## RECORDS SUPPLIED
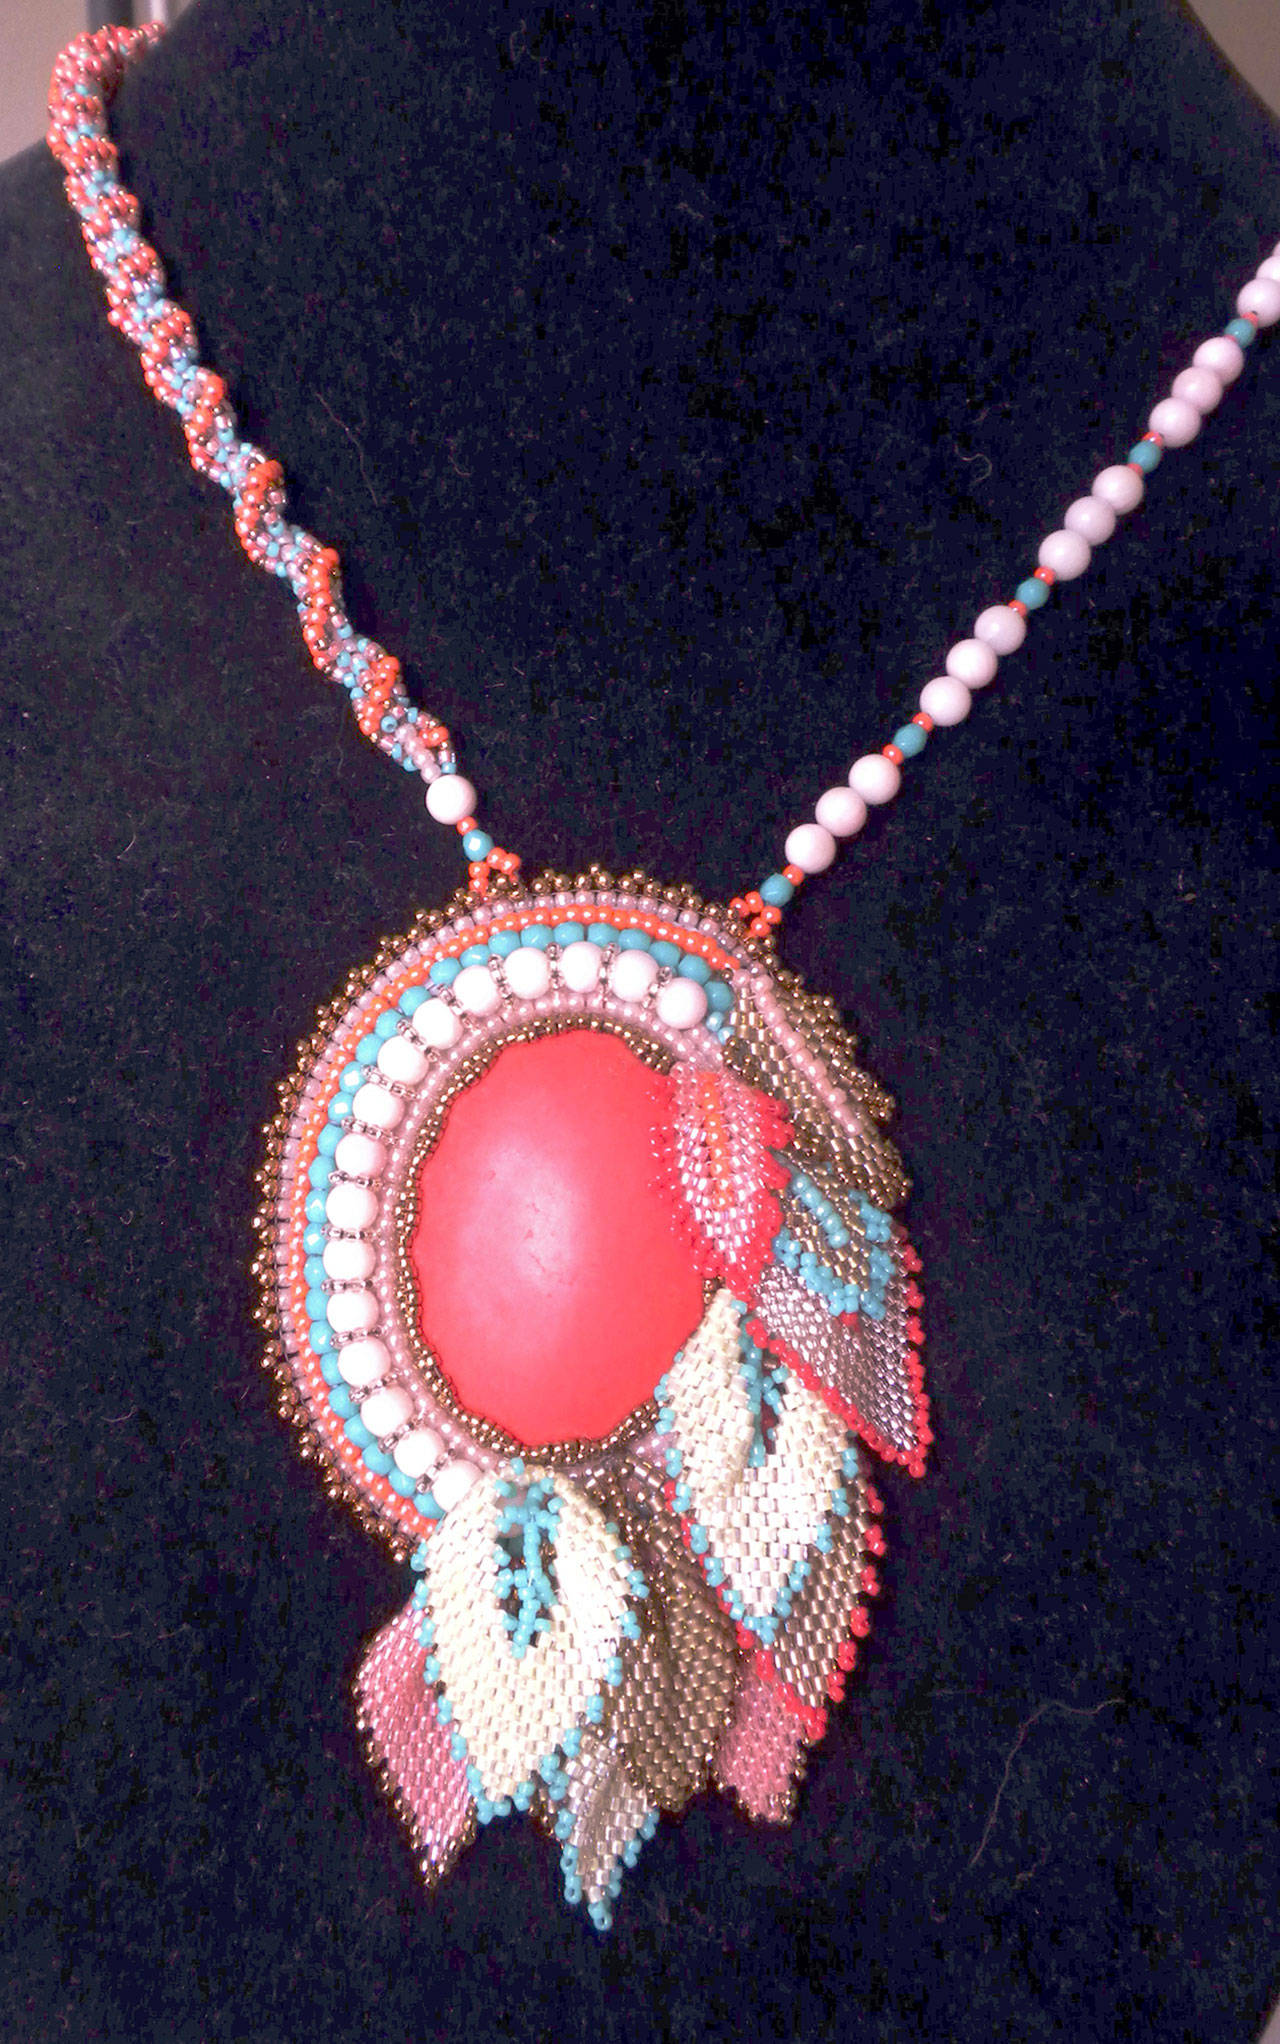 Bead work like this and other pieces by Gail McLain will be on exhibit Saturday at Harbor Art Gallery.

---

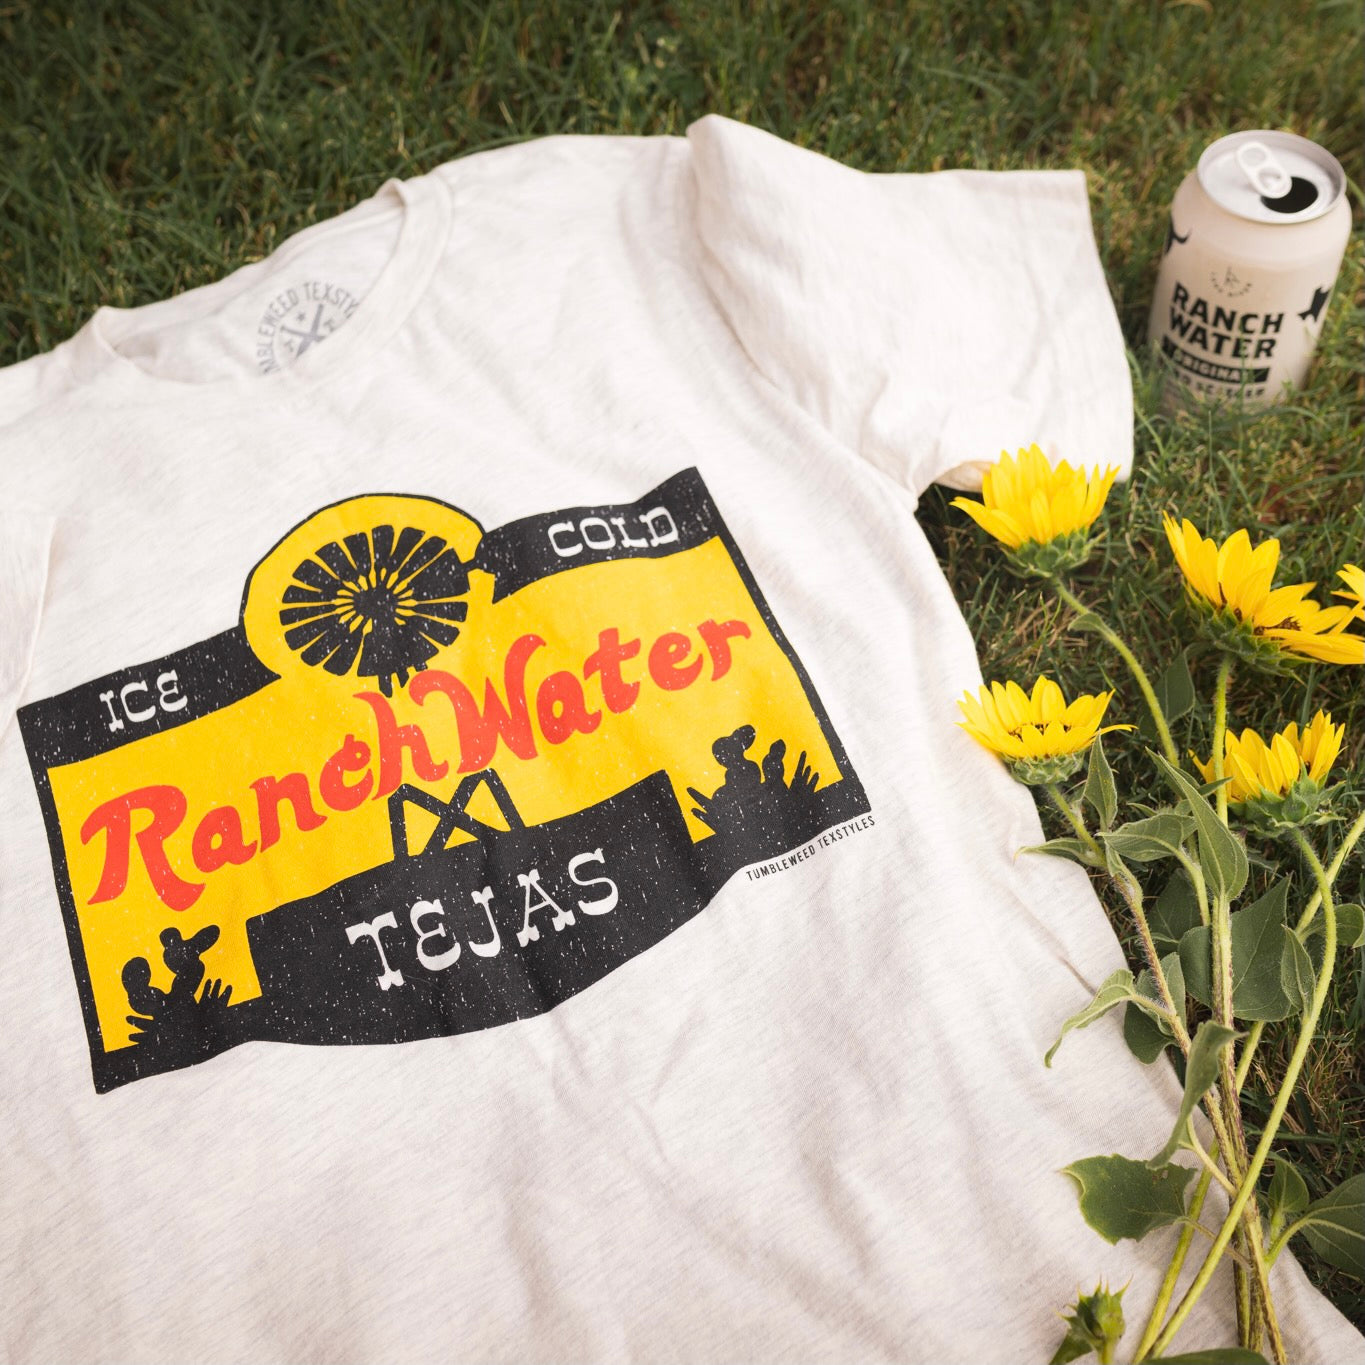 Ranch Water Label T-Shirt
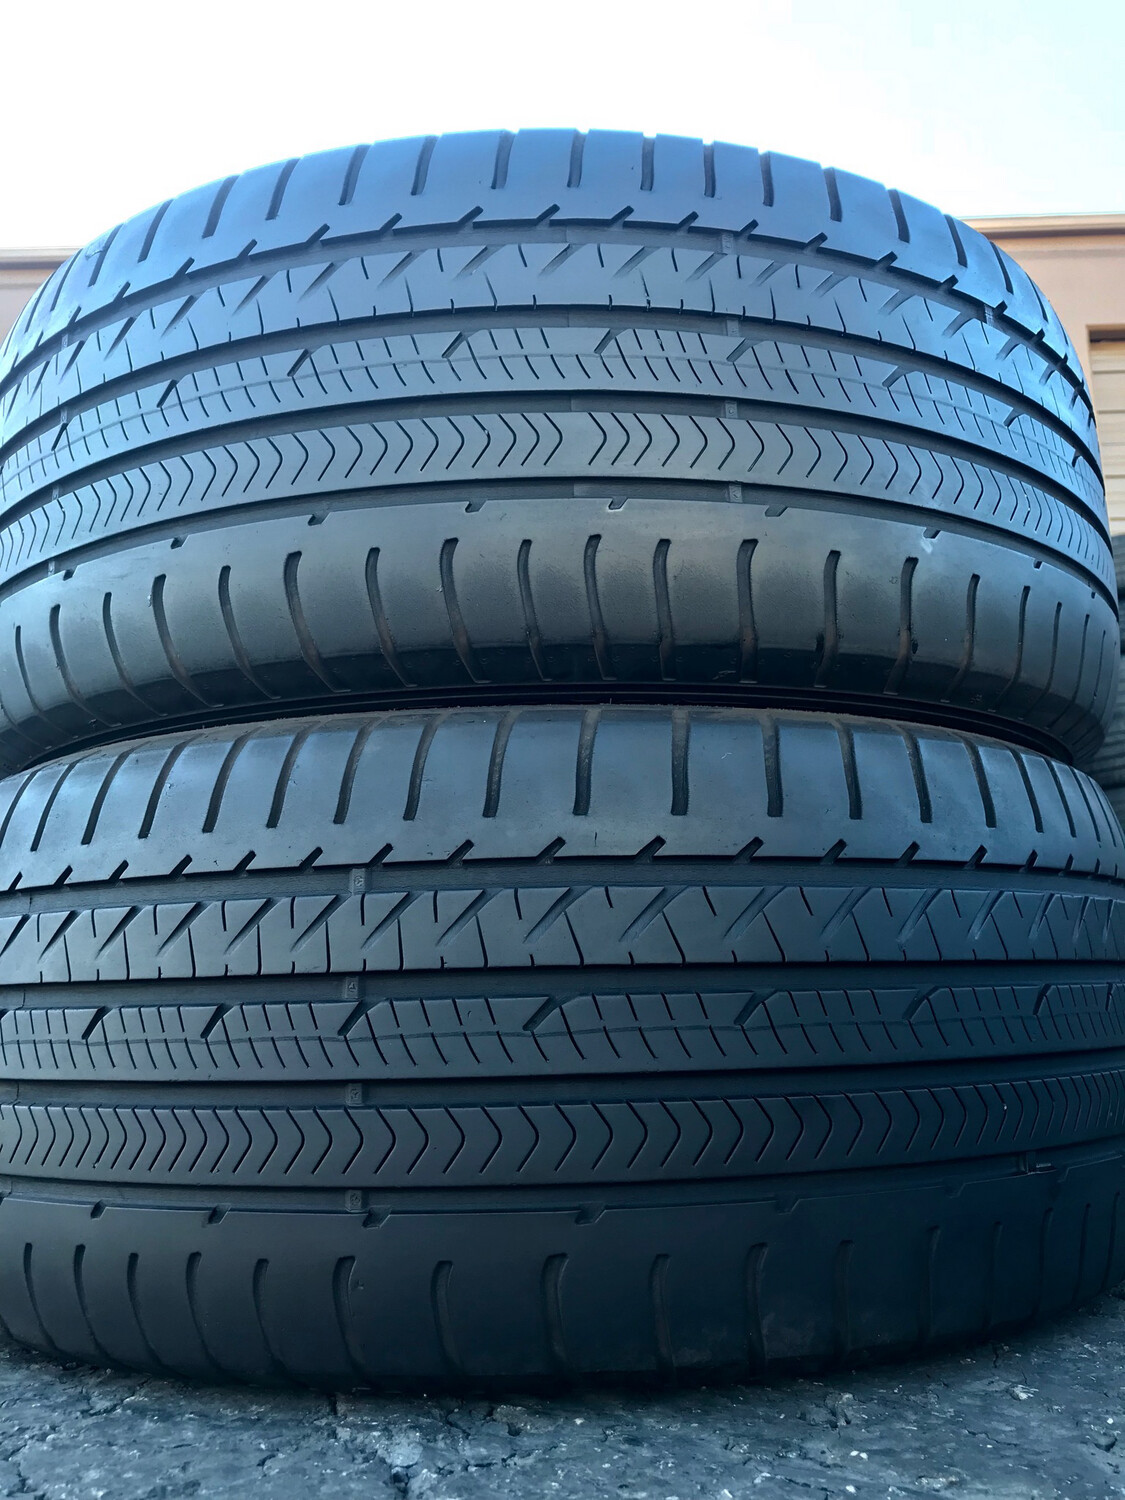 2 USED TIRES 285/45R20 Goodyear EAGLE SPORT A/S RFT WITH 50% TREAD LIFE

...

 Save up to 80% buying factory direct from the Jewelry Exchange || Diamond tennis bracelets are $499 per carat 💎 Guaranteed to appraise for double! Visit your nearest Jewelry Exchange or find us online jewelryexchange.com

## EXERCISE PROMPT
Out of the records above, set down only the lines from the one that contains "Ranch Water Label T-Shirt" through the one that contains "2 USED TIRES", unchanged and without the pictures.

## YOUR SOLUTION
 Ranch Water Label T-Shirt
 2 USED TIRES 285/45R20 Goodyear EAGLE SPORT A/S RFT WITH 50% TREAD LIFE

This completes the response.